Frustratingly, this book answered few of my questions. The first chapter deals with the relationship between Hester Thrale and Dr Johnson. Thrale was well-educated for a woman of her time, but still married off at the relatively young age of 22, after which she was almost constantly pregnant until her husband died. The majority of her children died at appallingly young ages. She was, nevertheless, spirited, highly intelligent, independent and resourceful. She married a second time, for love, in spite of Dr Johnson's (and nearly everyone else's) disapproval.

Having begun the book with a woman who, if not an artist in her own right, was certainly no passive doll, Prose then gives us a rather uncomfortable chapter on Alice Liddell. Whether or not Charles Dodgson's interest was sexual, I find it almost impossible to read about how Dodgson catalogued his 'girl-friends' (108 in 1863) with an entirely easy mind. Prose's conclusion, that in Alice and the other girls he found "a vision of...his own vanished childhood", seems to me at best an over-simplification. At worst, it feels that Prose, in her eagerness to counteract all those accusations of paedophilia against Dodgson, has gone out of her way to paint Dodgson as innocent, Alice as the manipulative schemer. She sits uneasily with the other eight muses presented in this book, all of whom were, at least, old enough to know what they were getting into.

Her chapter on Elizabeth Siddal does reveal some interesting analysis, particularly the correspondences between Dante/Beatrice and Dante Gabriel/Elizabeth. She is fairly scathing about Siddal's artistic abilities, but hardly less so about Rossetti's. What I object to is the way she refers to Siddal throughout the book as 'poor Lizzie', thereby making a victim out of her. She does make one attempt to show that Siddal was actually quite witty and an acute observer, but ultimately seems bent on portraying her as the quintessential victim. Certainly, Siddal's life was pretty tragic, but that's not quite the same thing as being a natural victim.

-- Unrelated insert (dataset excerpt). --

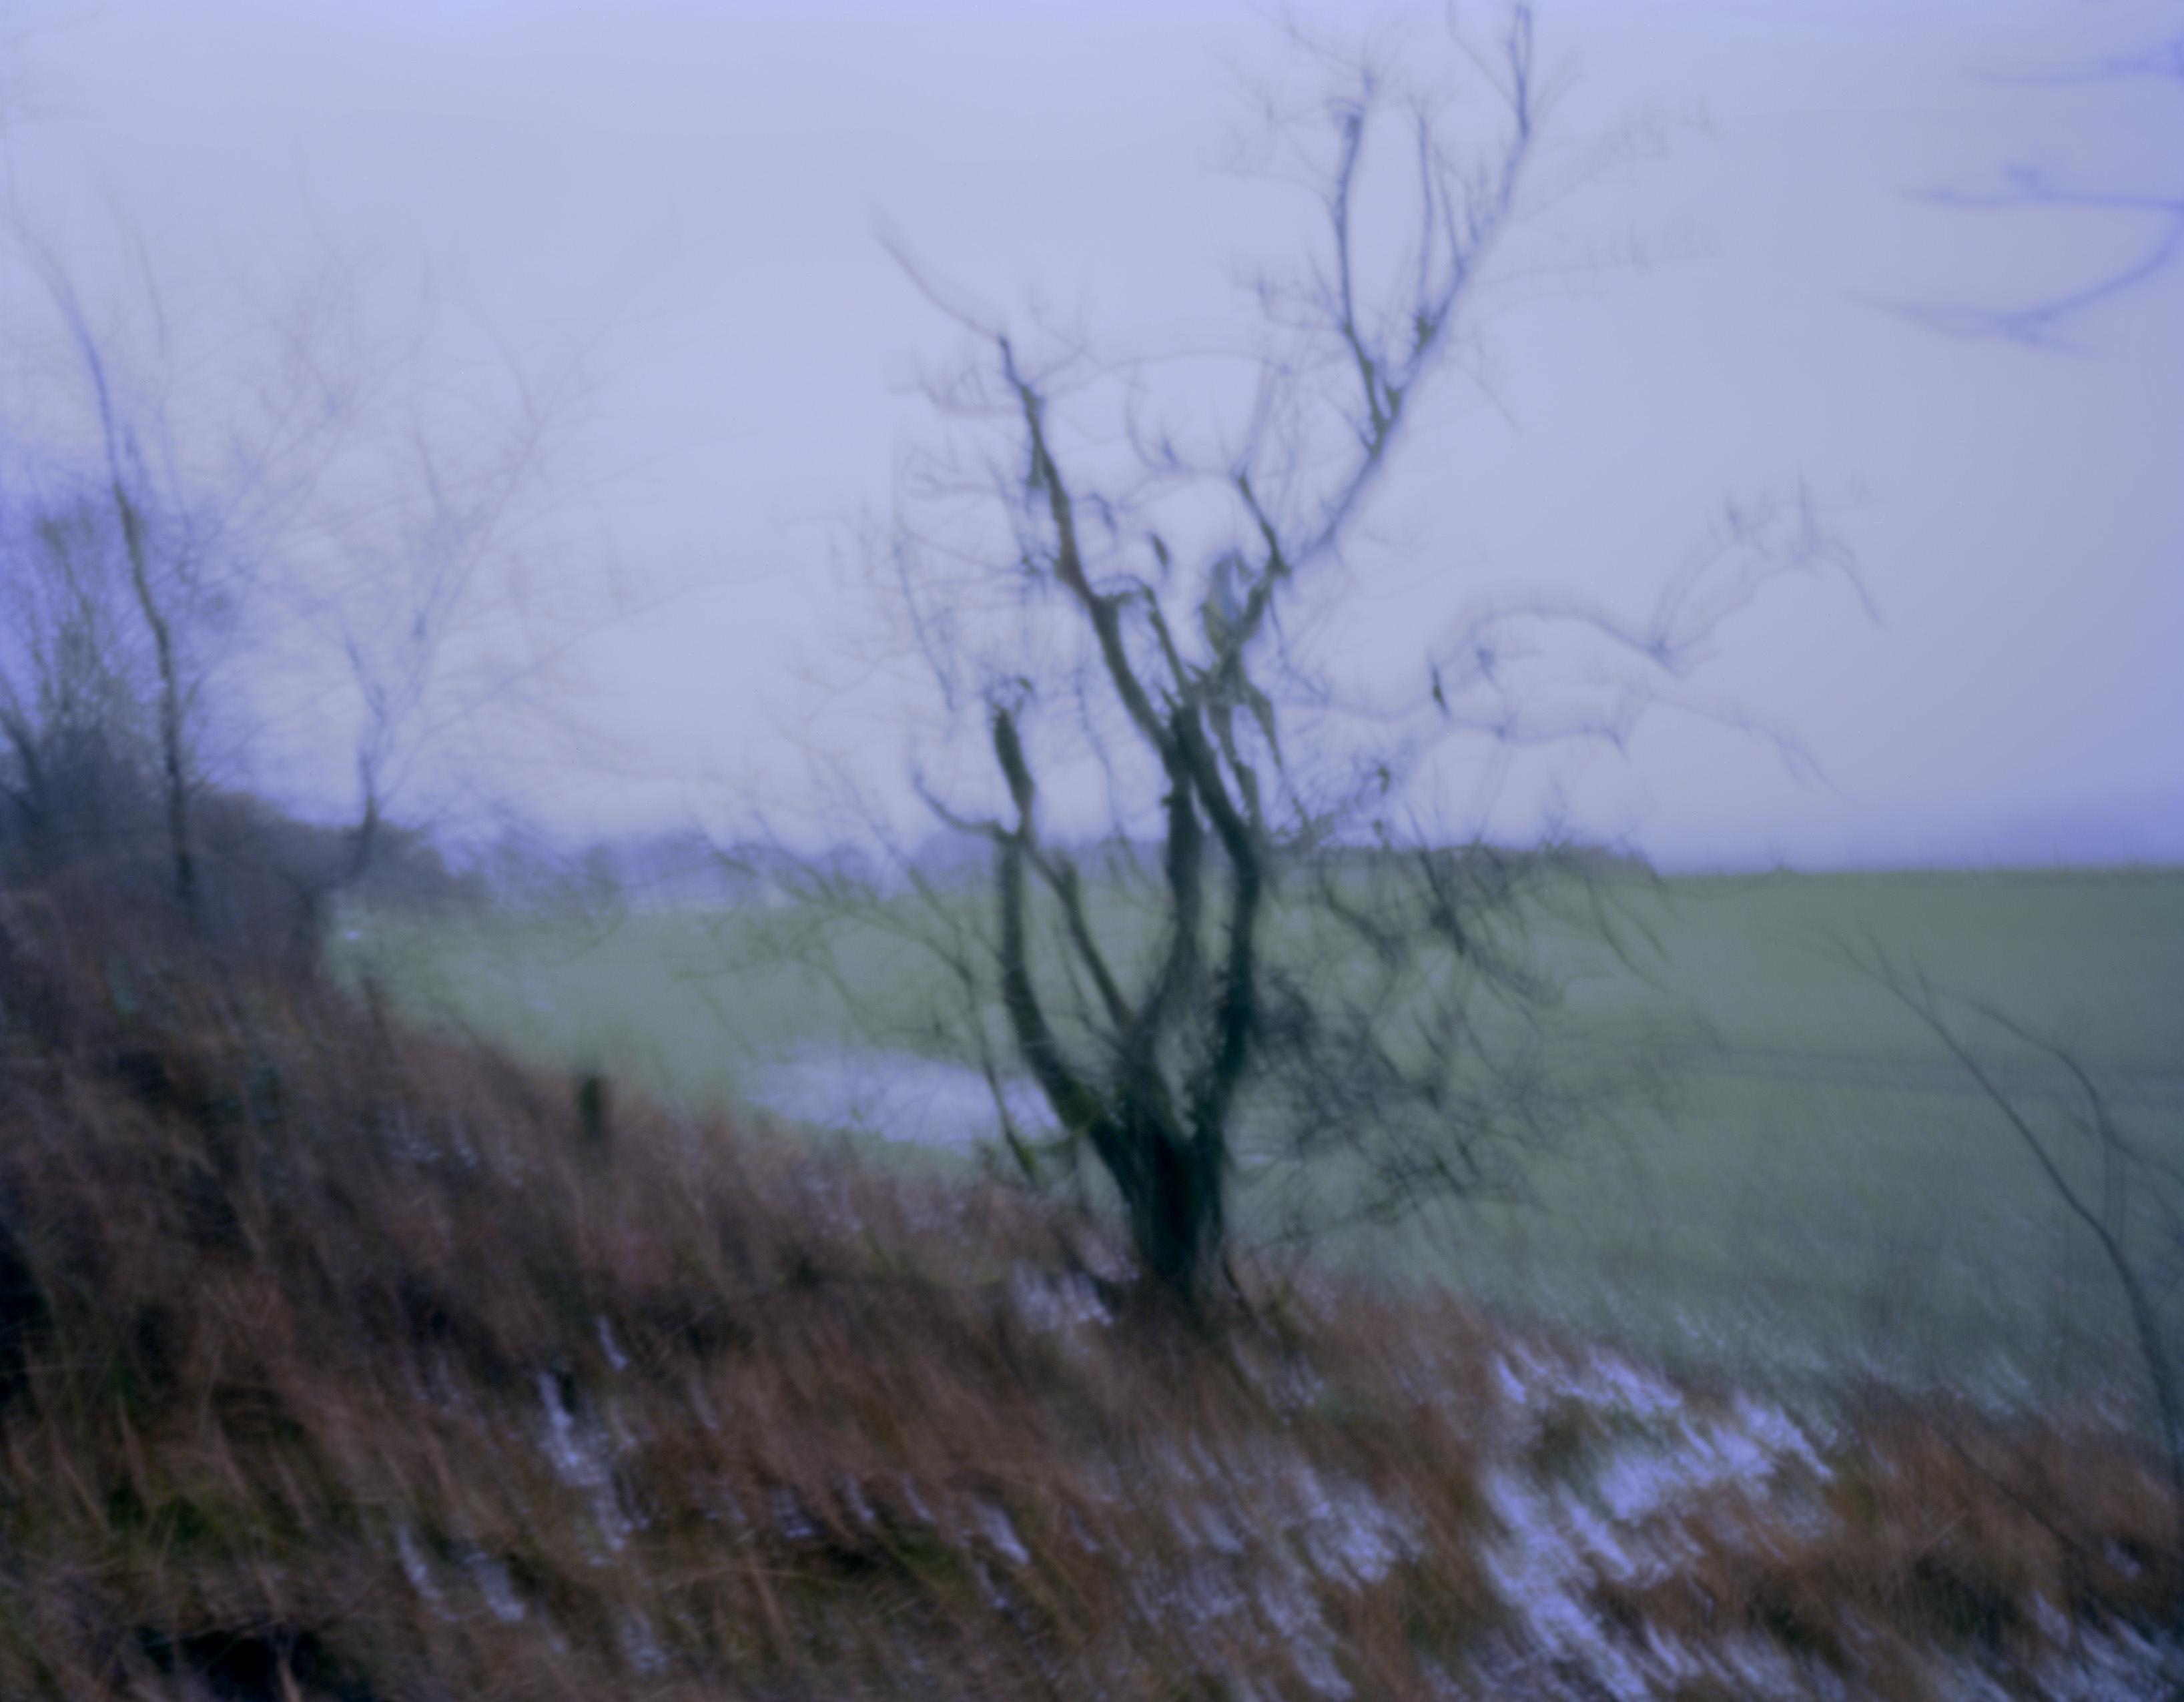 Pinhole photography image of a field with a close up leafless tree. Image by Simon McAuley
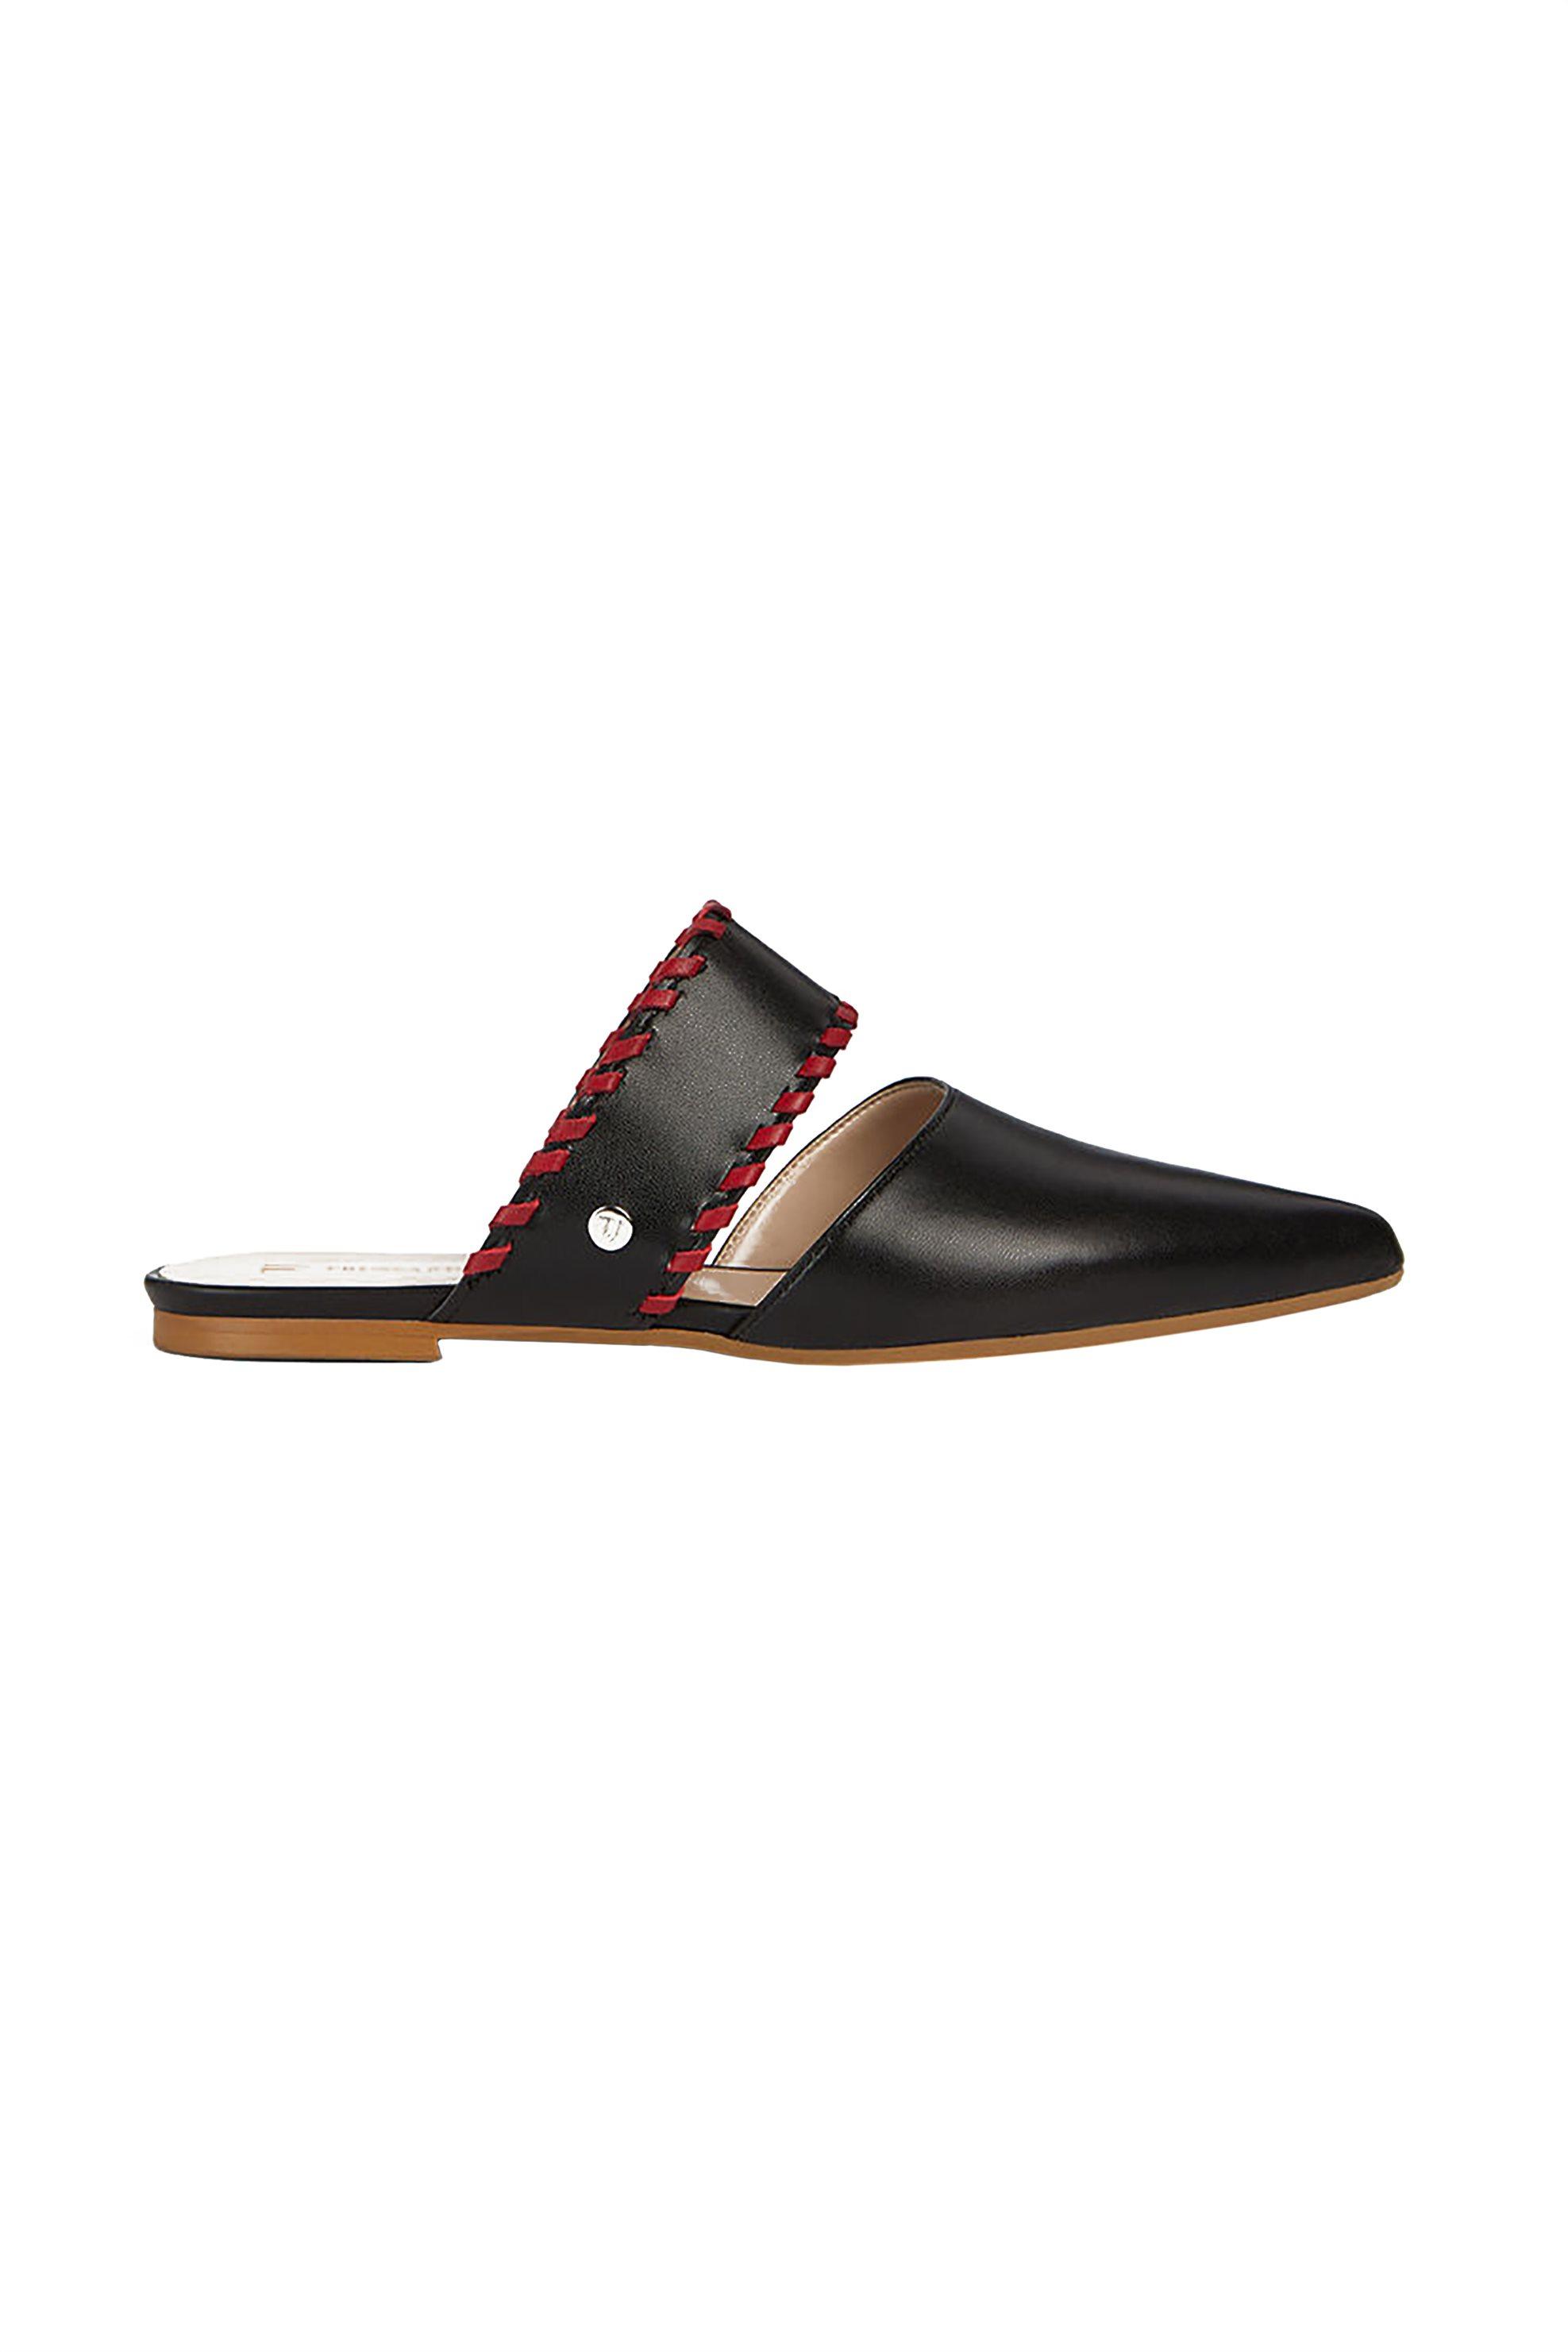 Trussardi Jeans γυναικεία παπούτσια flat mules – 79A00384-9Y099999 – Μαύρο

The portrait of Gala Dali is pretty much standard fare. Both Salvador and Gala were money-obsessed and unusual, difficult people. To her credit, Prose does point out that those who find the ageing Gala's sexual appetite for young men repulsive are probably the same people who shrug off - or even find admirable - the sexual exploits of the elderly Picasso.

Although Prose seems to think that the muse is almost inevitably female, and the artist equally inevitably male, she does suggest that musedom can be a two-way process. She uses ballerina Suzanne Farrell as her example. "Consequently, the paradox of Suzanne Farrell's career as a muse involves both her rare willingness to be termed a muse and an equally uncommon situation in which the artist and his muse were genuine partners, true collaborators. In fact, both were artists of extraordinary stature..." Farrell also comes across as a well-balanced, 'nice' person, which is more than can be said for some of the women in this book. Charis Weston comes across as singularly humourless and is presented as somewhat self-deluded (although extracts from Weston's memoir suggests that any self-delusion was largely willed). Then again, the male artists don't come out of it much better - Prose is scathing about the 'talents' of Dante Gabriel Rossetti and Edward Weston, and apears less than enthusiastic about the art of Salvador Dali.

Prose's ambivalence towards Yoko Ono is fairly typical of the book. She admits to finding Ono's art 'annoying', and suggests various ways in which she was positively detrimental to Lennon's work. On the other hand, she acknowledges that "Yoko's presence merely seems to have given John the courage to take a step that was, by then, inevitable".

To be fair, many of these portraits are well-written and easy to read. And if Prose's opinions sometimes seem half-baked or wrong-headed, she's spot-on when she talks about beautiful but - above all - talented Lee Miller :-

"Lee Miller...used her trained Surrealist's eye in her work as a courageous World War II photojournalist...To track Lee Miller's coverage of the war is to watch a muse discover her muse in the violence and horror of genocide and battle - and take an astonishing number of brilliant and lamentably undervalued photographs, underrated in part because of her beauty and her legend competed with, and detracted from, the seriousness of her accomplishment."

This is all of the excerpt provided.